Re: BTI interaction between seccomp filters in systemd and glibc mprotect calls, causing service failures

From: Topi Miettinen
Date: Thu Oct 22 2020 - 06:39:31 EST


On 22.10.2020 10.54, Szabolcs Nagy wrote:
The 10/21/2020 22:44, Jeremy Linton wrote:
There is a problem with glibc+systemd on BTI enabled systems. Systemd
has a service flag "MemoryDenyWriteExecute" which uses seccomp to deny
PROT_EXEC changes.

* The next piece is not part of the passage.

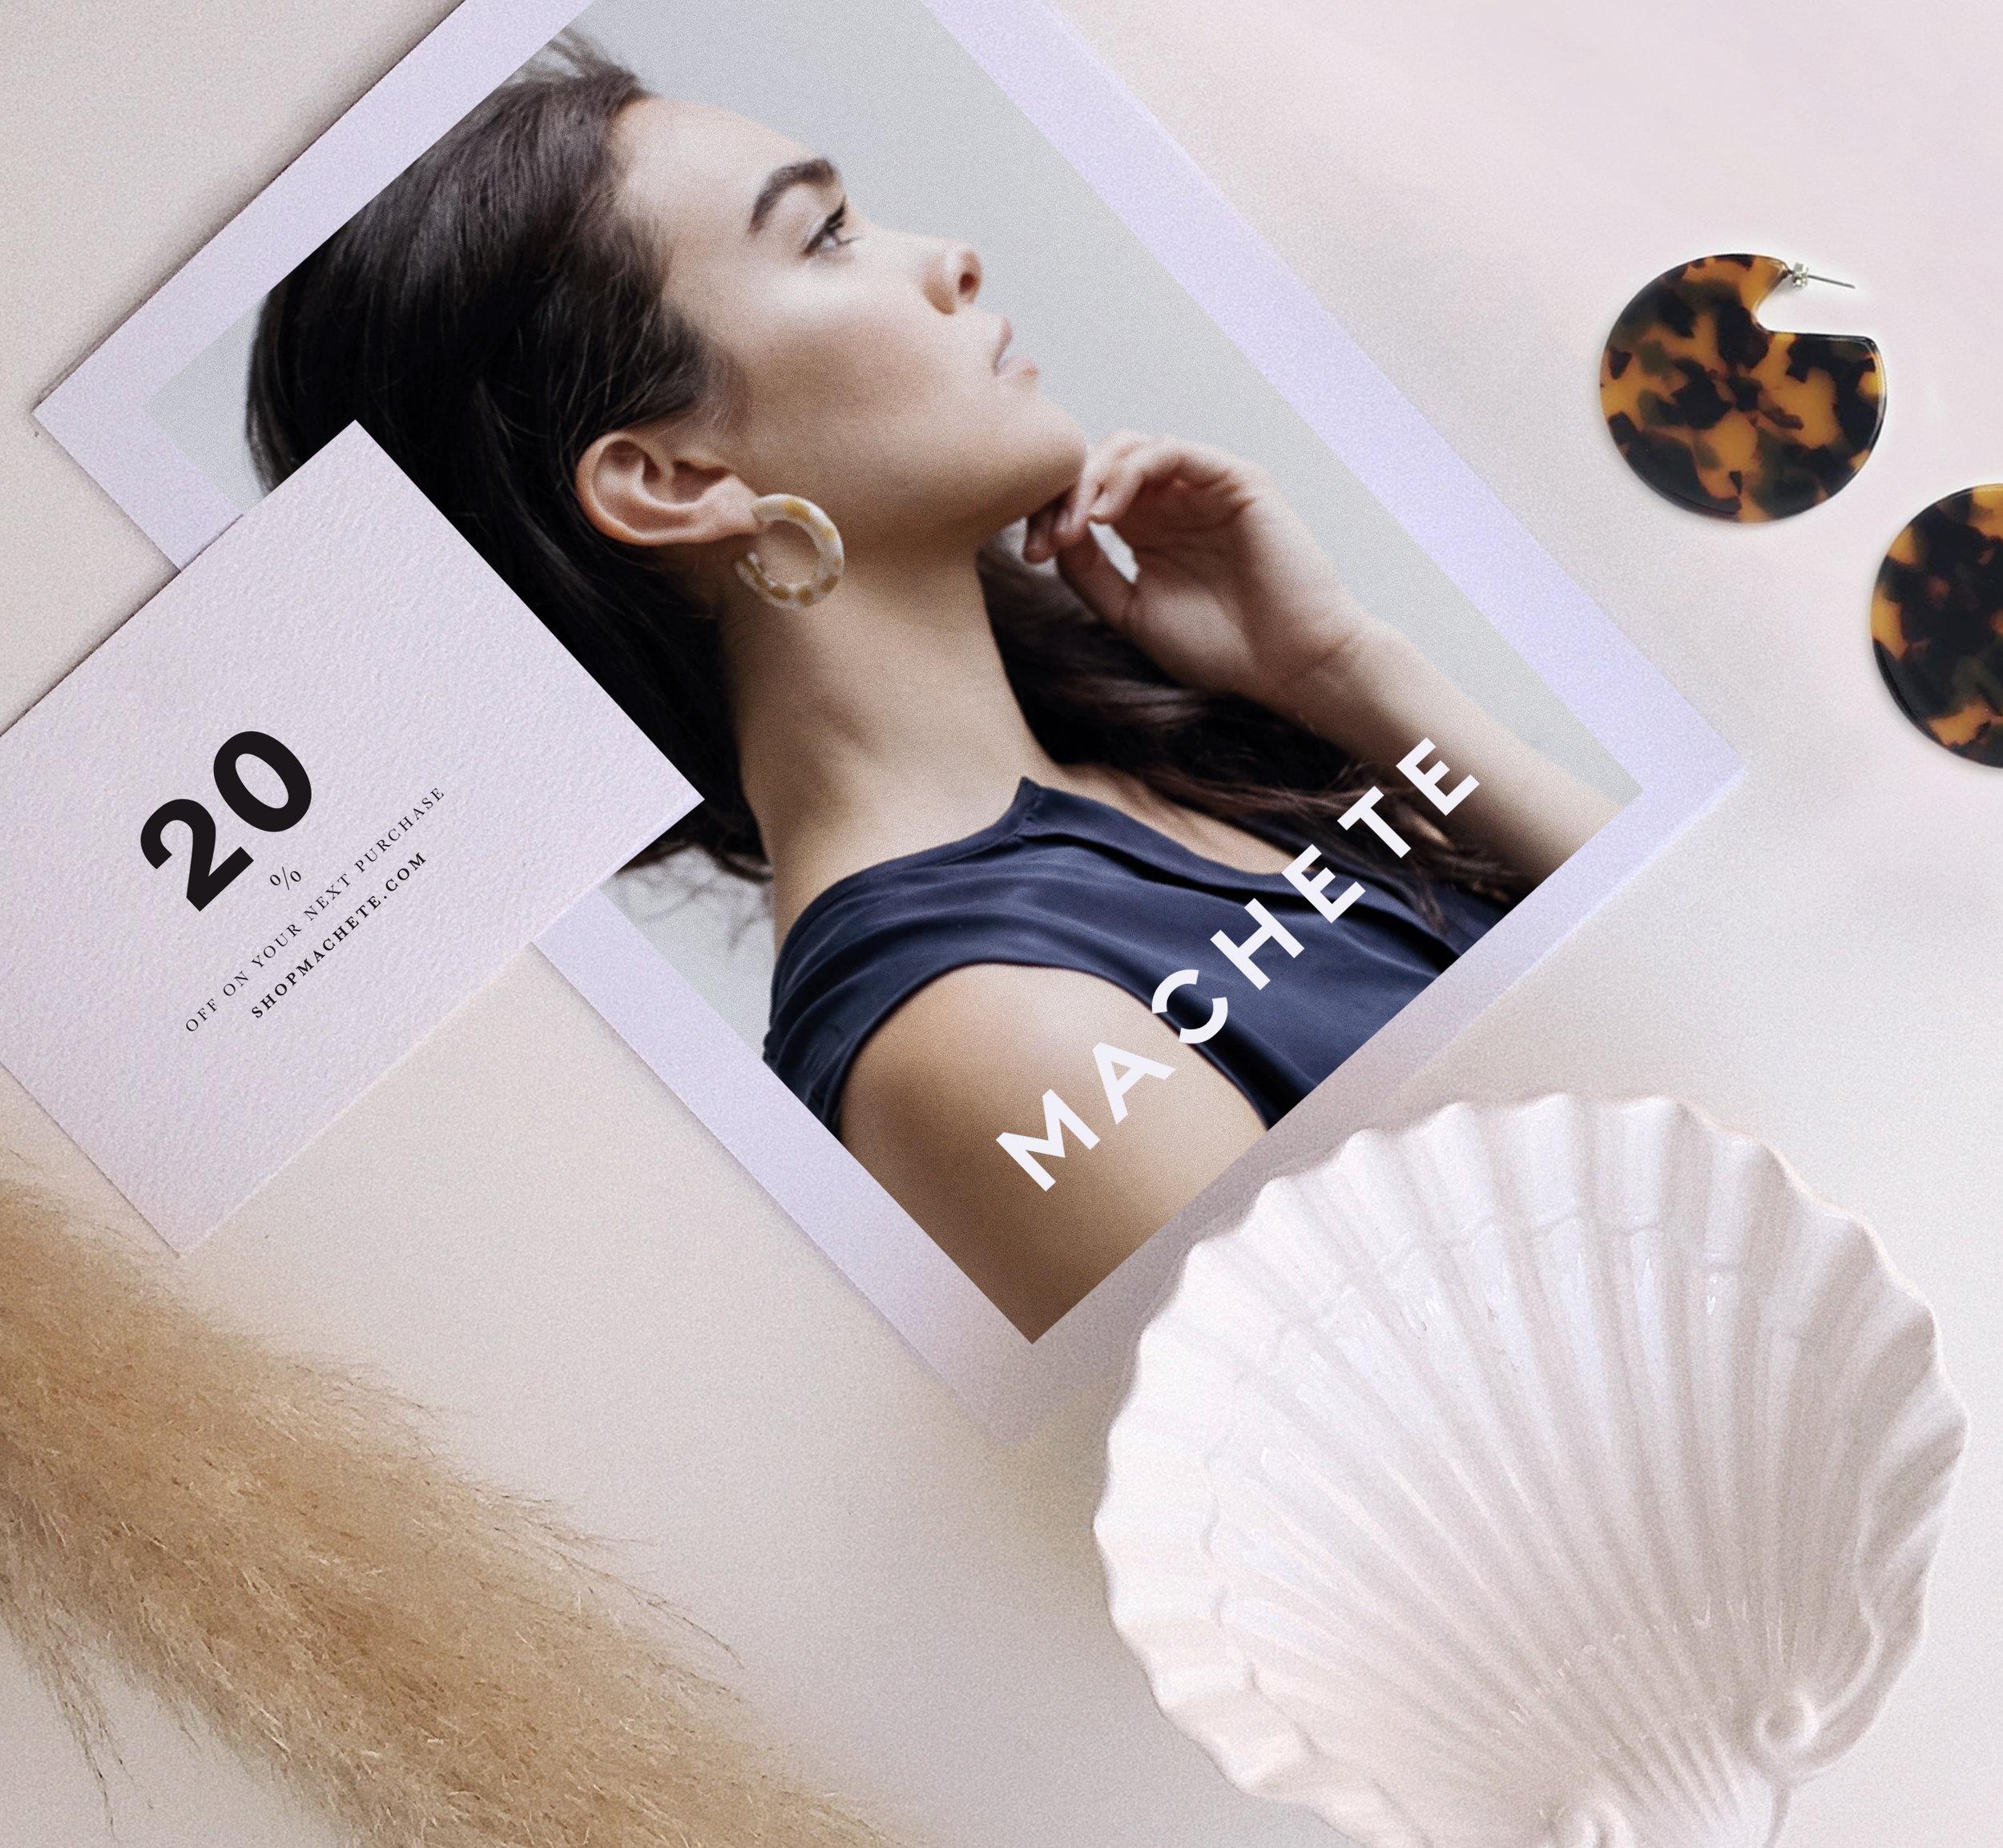 machete-jewelry-branding-1v2-loolaa-designs.jpg

Glibc enables BTI only on segments which are marked as
being BTI compatible by calling mprotect PROT_EXEC|PROT_BTI. That call is
caught by the seccomp filter, resulting in service failures.

So, at the moment one has to pick either denying PROT_EXEC changes, or BTI.
This is obviously not desirable.

Various changes have been suggested, replacing the mprotect with mmap calls
having PROT_BTI set on the original mapping, re-mmapping the segments,
implying PROT_EXEC on mprotect PROT_BTI calls when VM_EXEC is already set,
and various modification to seccomp to allow particular mprotect cases to
bypass the filters. In each case there seems to be an undesirable attribute
to the solution.

So, whats the best solution?

the easy fix in glibc is to ignore mprotect(PROT_BTI|PROT_EXEC)
failures, so programs work with seccomp filters, but bti gets
disabled (it's unreasonable to expect bti protection if mprotect
is filtered). it will be a nasty silent failure though.

Some may also want to use seccomp filters so that they will immediately kill the process and in this case they couldn't do it.

and i'm also considering a fix that re-mmaps the executable
segment with PROT_BTI instead of mprotect since that is not
filtered. unfortunately the main exe is mmaped by the kernel
without PROT_BTI and the libc does not have the fd to re-mmap.
(bti can be left off for the main exe if mprotect fails and
later we can teach the kernel to add bti there.) currently
this is not a complete fix so i'm a bit hesitant about it.

as for a kernel side fix: if there is a way to only filter
PROT_EXEC mprotect on mappings that are not yet PROT_EXEC
that would solve this problem (but likely needs new syscall
or seccomp capability).

Problem with seccomp MDWX is that it's still possible for malicious programs to circumvent the filter by using memfd_create(), fill the memory with desired content and then use mmap(,,PROT_EXEC) to make it executable without triggering seccomp. This can be mitigated by filtering also memfd_create(), but then some programs want to use it. Also the protection can be bypassed if the program can write to a file system which isn't mounted with "noexec". This can be mitigated with private mount namespaces and global mount options, but again some programs are written to expect W & X.

But I think SELinux has a more complete solution (execmem) which can track the pages better than is possible with seccomp solution which has a very narrow field of view. Maybe this facility could be made available to non-SELinux systems, for example with prctl()? Then the in-kernel MDWX could allow mprotect(PROT_EXEC | PROT_BTI) in case the backing file hasn't been modified, the source filesystem isn't writable for the calling process and the file descriptor isn't created with memfd_create().

-Topi